If a quorum disk is used and is located at a third (neutral) site, fencing must still be overridden via fence_ack_manual in the event of a site-split or site-failure where fencing is failing.

The use case Fully Interconnected SAN with Disaster Recovery Mirroring may have a quorum disk located on the primary storage array. Since this use case requires manual restart of the cluster to fail storage over from the primary to the secondary site, the quorum disk can be effectively relocated from the primary to secondary site in the event of a primary-site failure. This is possible because the quorum disk does not contain any persistent data.The administrator must make sure to initialize a quorum disk on the secondary array using mkqdisk, and to configure the secondary cluster nodes to use it after a primary site/storage array failure.

Modifying the expected_votes for the cluster to be one less than the actual number of votes available will not work. CMAN enforces the rule that the number of votes expected must be at least equal to the number of total nodes. Solutions involving letting both sides win by using an algorithm similar to CMAN two_node mode will not work with more than two cluster nodes since a temporary inter-site link failure would lead to a non-deterministic fencing race once the link is restored.
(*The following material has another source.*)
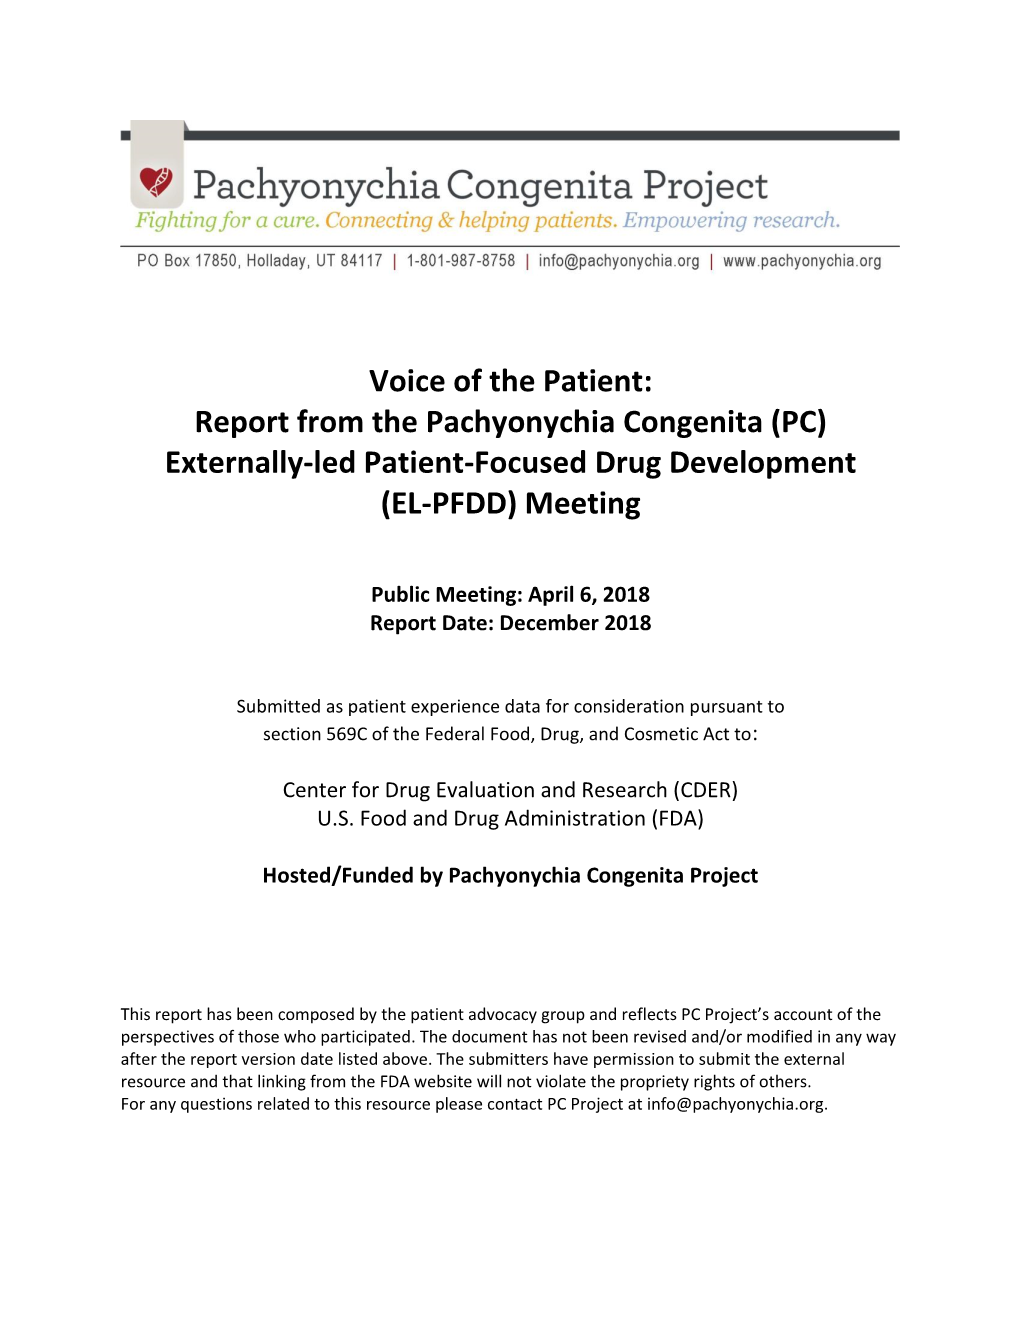 Voice of the Patient: Report from the Pachyonychia Congenita (PC) Externally-Led Patient-Focused Drug Development (EL-PFDD) Meeting

It is important to understand that a quorum disk is not an arbitration mechanism by itself; that is, availability of a quorum disk is not sufficient for a site to continue operation after a the other site has failed. Clusters still require fencing even when a quorum disk is used. The failure of an inter-site link or a total site failure will cause fencing to fail, which is why manual intervention is often required to restore the cluster to operation after a site failure.

Red Hat does not support any of the following quorum-disk replication methods:

  • Using LVM mirroring to replicate the quorum disk.
  • Using mdraid to replicate the quorum disk (possibility of race conditions because writing to the quorum disk is not an atomic action if storage-based replication is used).
  • Using Disaster Recovery Mirroring (both sites need write access).

NOTE: Although using a quorum disk on Synchronous or Coherent Array-Based Replication Shared Storage may work in some scenarios, please note that this type of configuration is untested by Red Hat. It is recommended that testing be carried out for the different failure scenarios and there is a procedure in place for how to bring the cluster back up or failover safely.

For more information on quorum disk integration with a stretch cluster then review the following document: Is a quorum disk supported or required on a Red Hat High Availability Cluster stretch cluster?

Shared Storage

If the cluster is using shared storage, it must be configured so that either site can maintain connectivity to a storage replica when the other site, or the site-to-site connectivity, fails.

When a stretch cluster is using multiple storage arrays for redundancy, some form of data replication between them must be used. Data replication between the two sites can be handled by vendor-specific replication mechanisms or by operating-system–level data replication (LVM mirroring). Non-clustered (tagged) LVM mirroring can be used for HA-LVM configurations. For configurations using operating-system based replication such as LVM mirroring, each storage array must be fully interconnected to all nodes in the cluster throughout all sites.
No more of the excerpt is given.